In the base case, the model projected the total average direct treatment costs per patient to be HK$1147,792 (US$147,153) in the BTS with pembrolizumab arm and HK$898,715 (US$115,220) in the platinum doublet chemotherapy arm, giving an incremental cost of HK$249,077 (US$31,933) over a time horizon of 10 years. The higher overall medical costs associated with the pembrolizumab arm were primarily driven by first-line therapy drug acquisition costs and, to a lesser extent, disease management costs, both being significantly impacted by improved PFS and OS with pembrolizumab use. Conversely, costs for post-discontinuation therapy were lower in the pembrolizumab arm.

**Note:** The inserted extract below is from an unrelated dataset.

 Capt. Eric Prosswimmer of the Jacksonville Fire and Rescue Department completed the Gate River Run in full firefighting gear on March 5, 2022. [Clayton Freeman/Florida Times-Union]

It was estimated that patients in the BTS with pembrolizumab arm would survive an average of 0.99 and 1.24 years in the PF and PD states, respectively, leading to a mean survival time of 2.23 years. In contrast, patients in the platinum doublet chemotherapy arm spent less time in the PF state (average 0.55 years) and more time in the PD state (average 1.32 years), for a lower overall mean survival estimate of 1.87 years. Pembrolizumab-treated patients in the BTS approach had an expected QALY and LY gain over platinum doublet chemotherapy of 0.29 and 0.36 years, respectively.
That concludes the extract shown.